§ PROBLEM DESCRIPTION: As an exercise, transcribe the data below in full and exactly, omitting pictures.

§ INFORMATION PROVIDED:
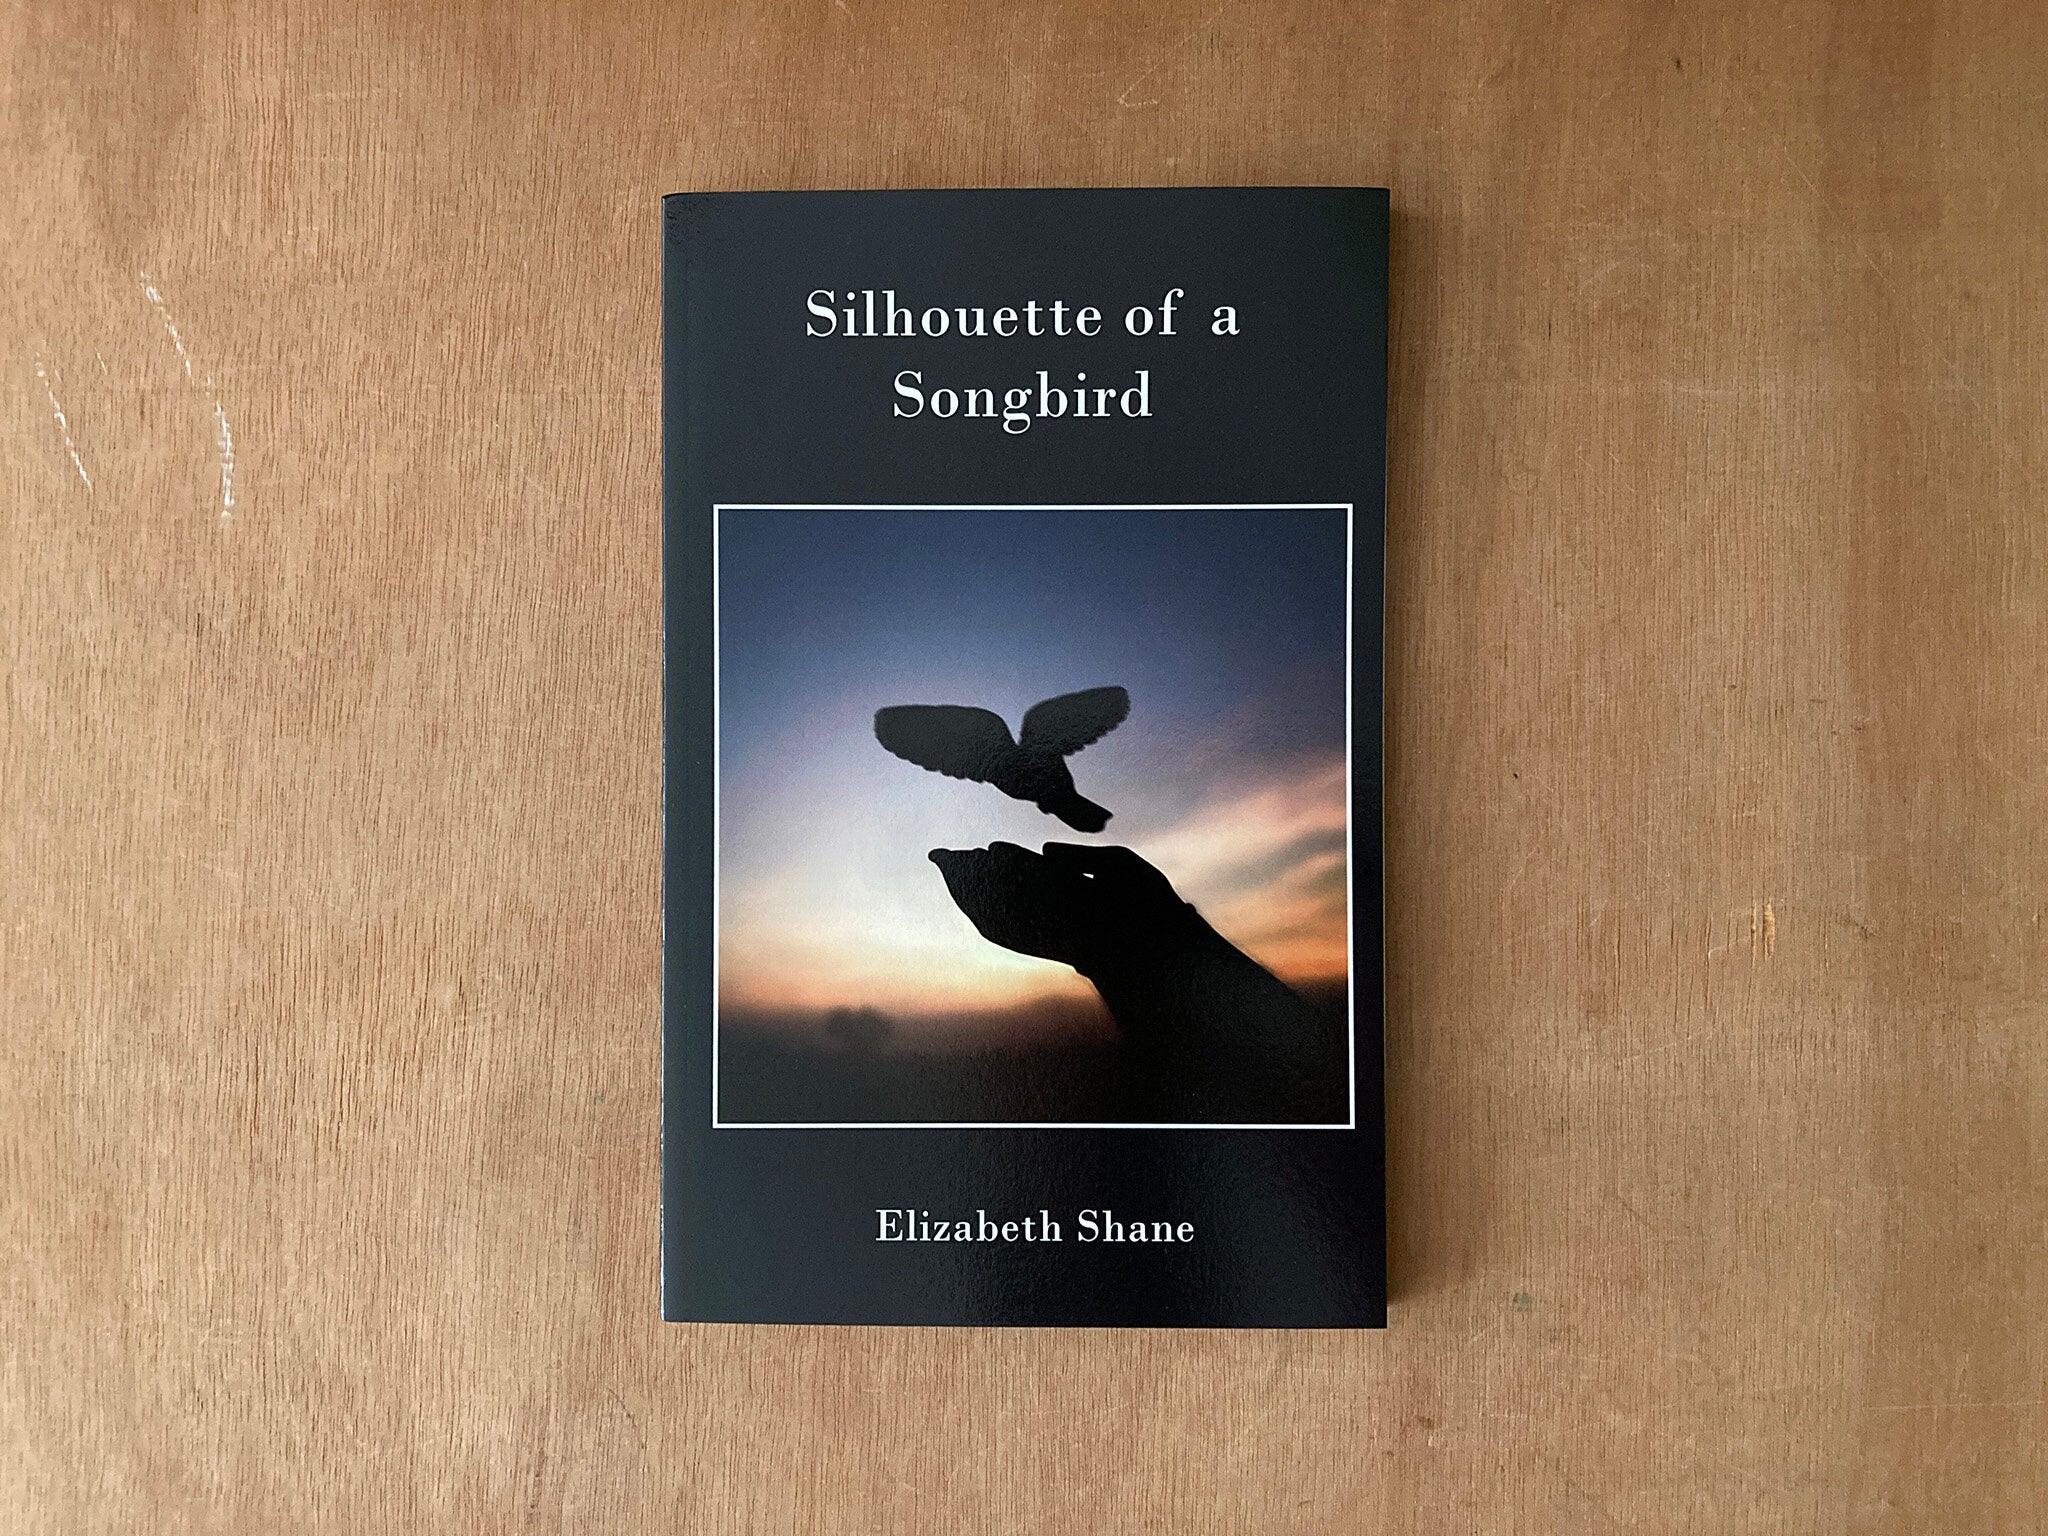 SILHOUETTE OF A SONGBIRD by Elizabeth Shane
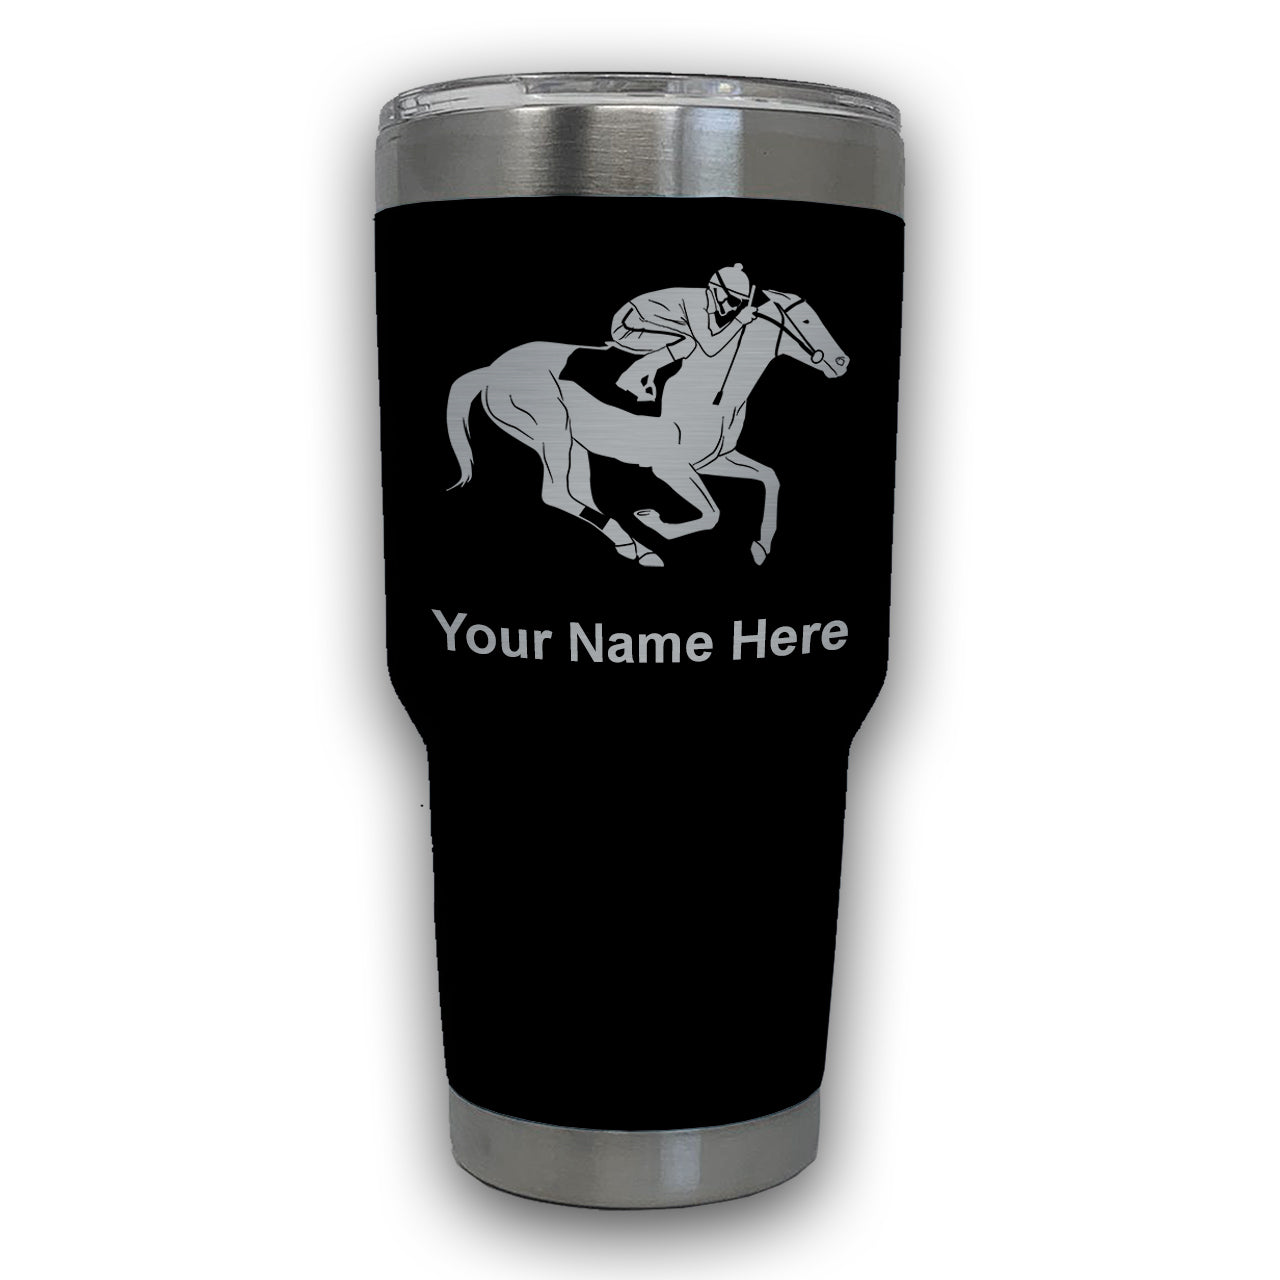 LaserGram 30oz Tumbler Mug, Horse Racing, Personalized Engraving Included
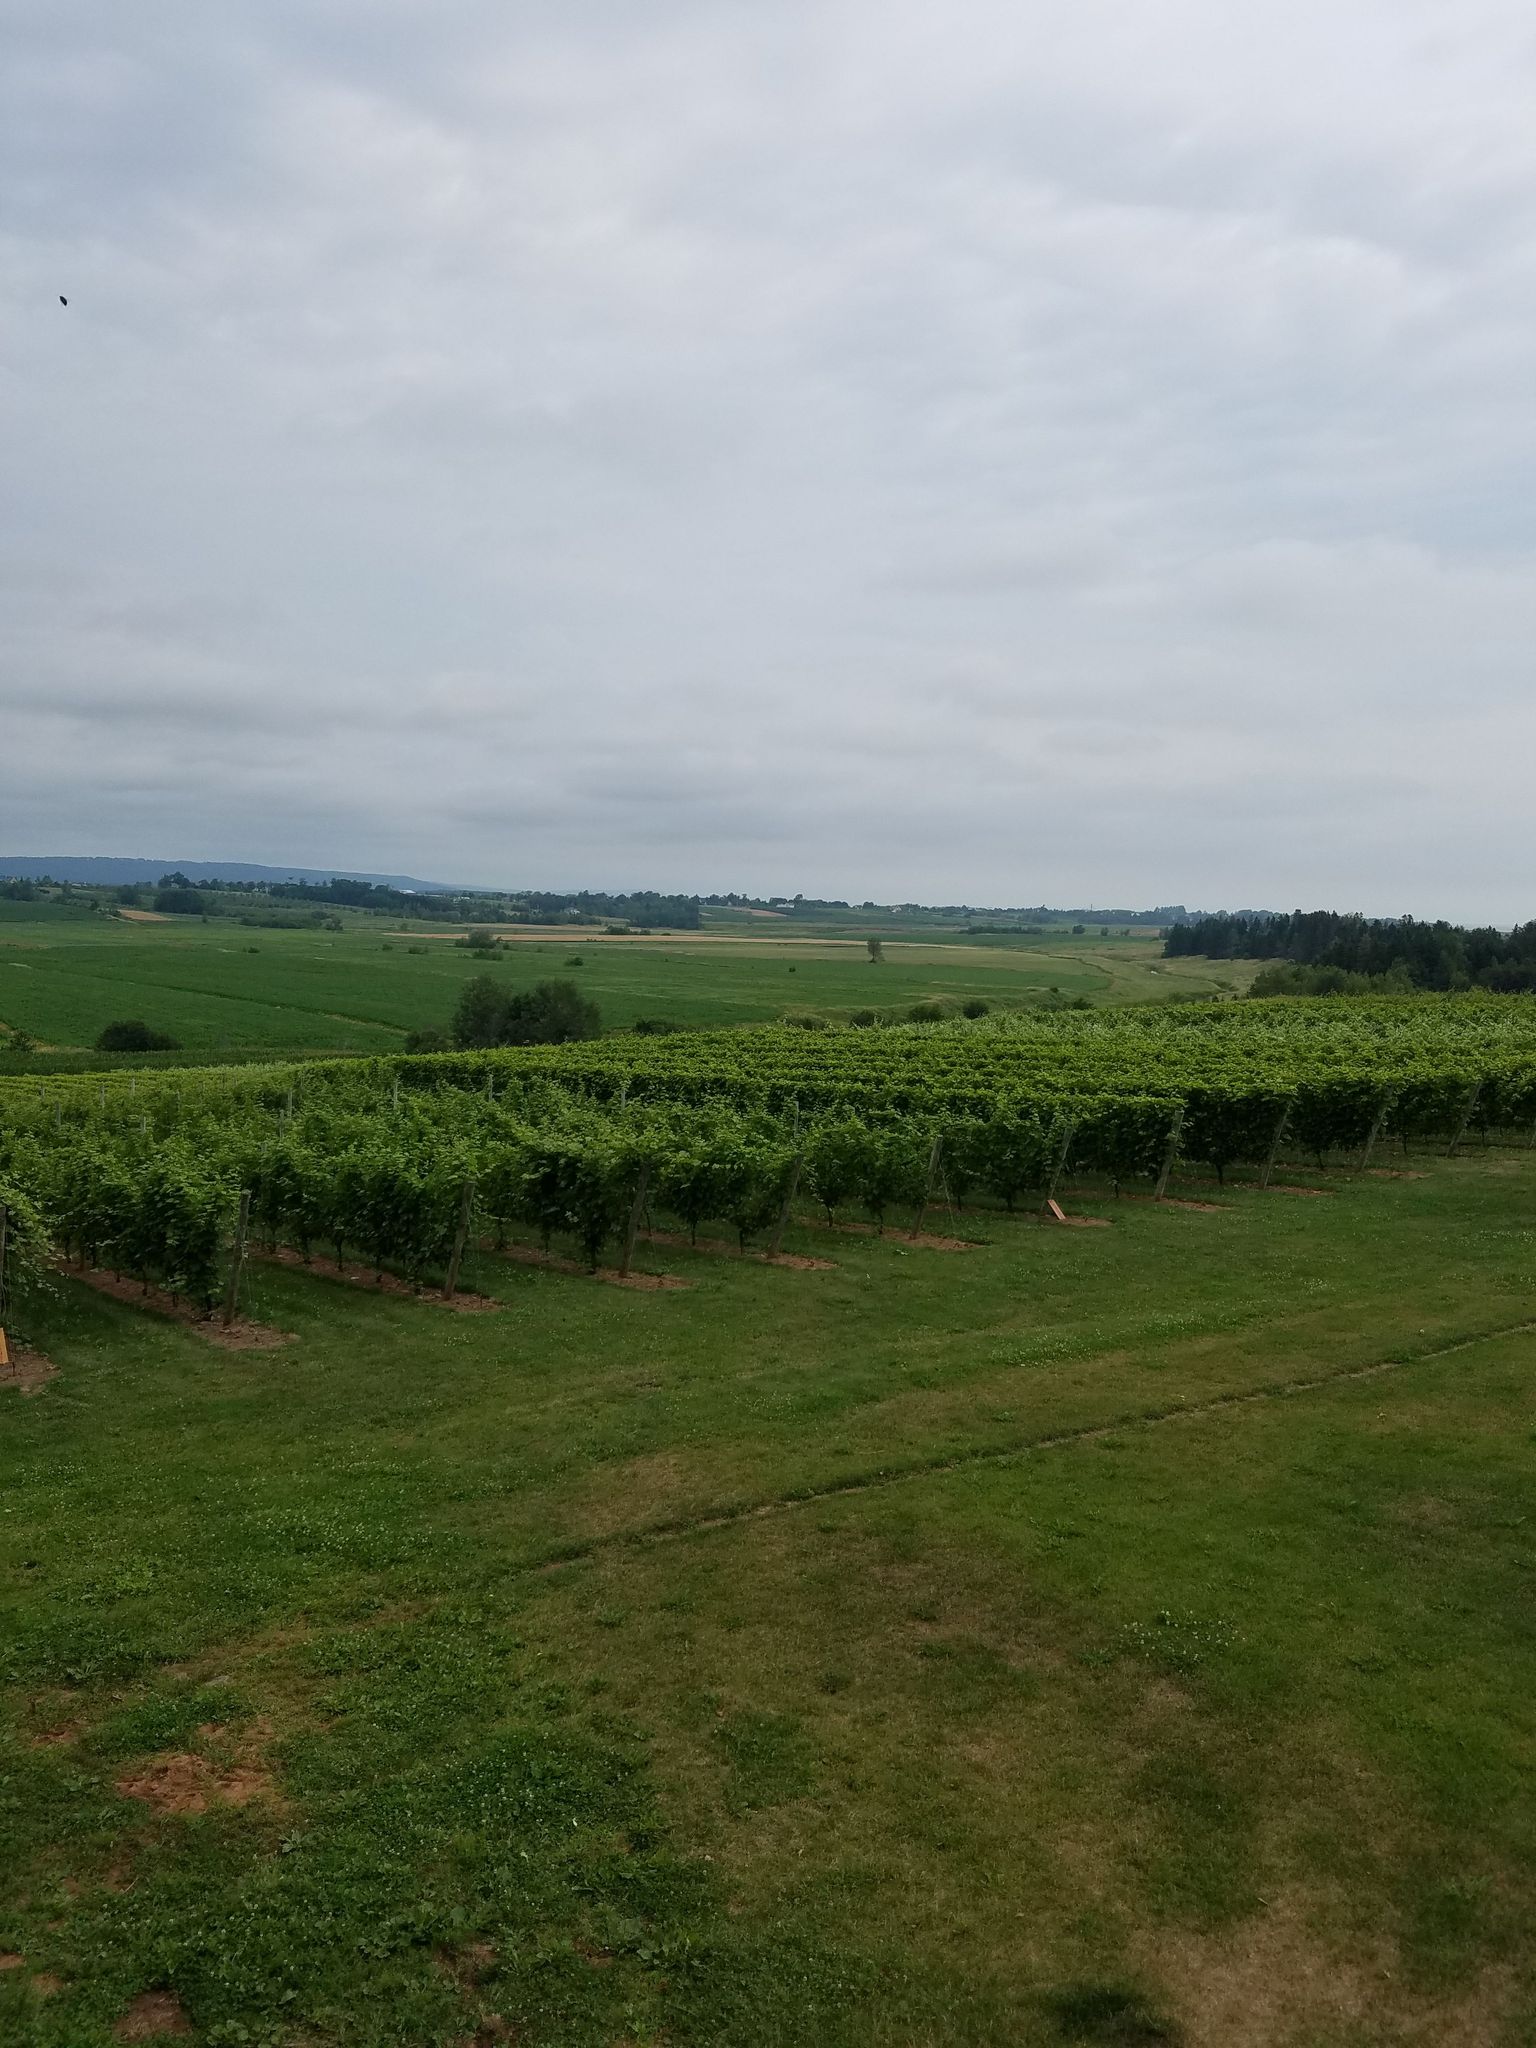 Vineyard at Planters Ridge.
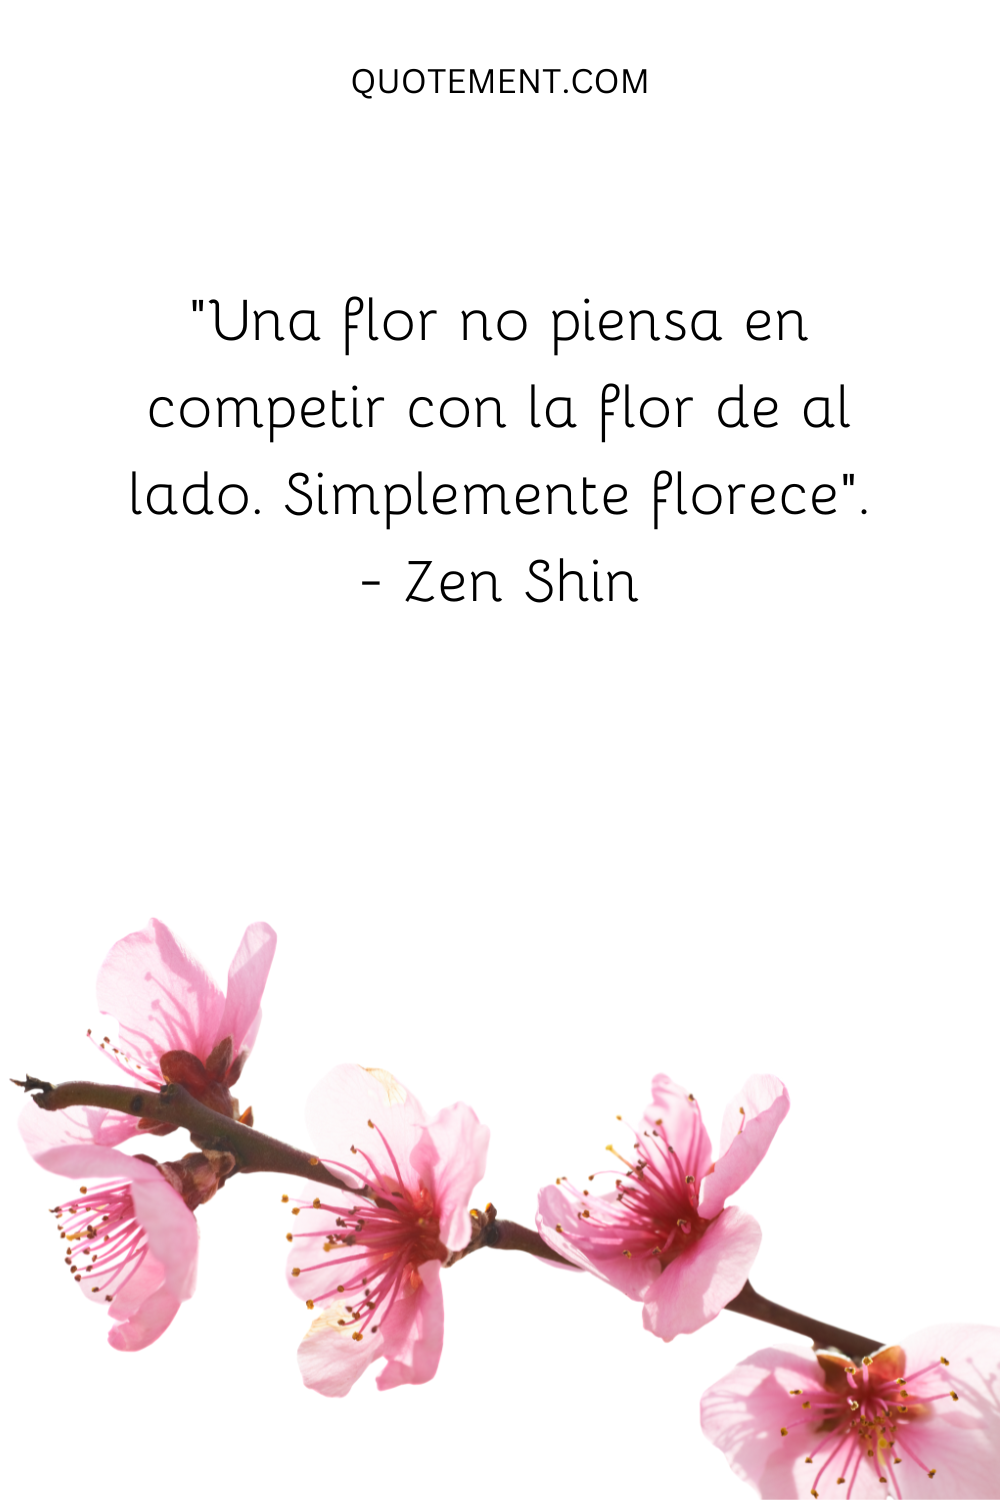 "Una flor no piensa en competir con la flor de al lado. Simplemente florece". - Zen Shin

§ OUTPUT OF THE EXERCISE:
 SILHOUETTE OF A SONGBIRD by Elizabeth Shane
 LaserGram 30oz Tumbler Mug, Horse Racing, Personalized Engraving Included
 Vineyard at Planters Ridge.
 "Una flor no piensa en competir con la flor de al lado. Simplemente florece". - Zen Shin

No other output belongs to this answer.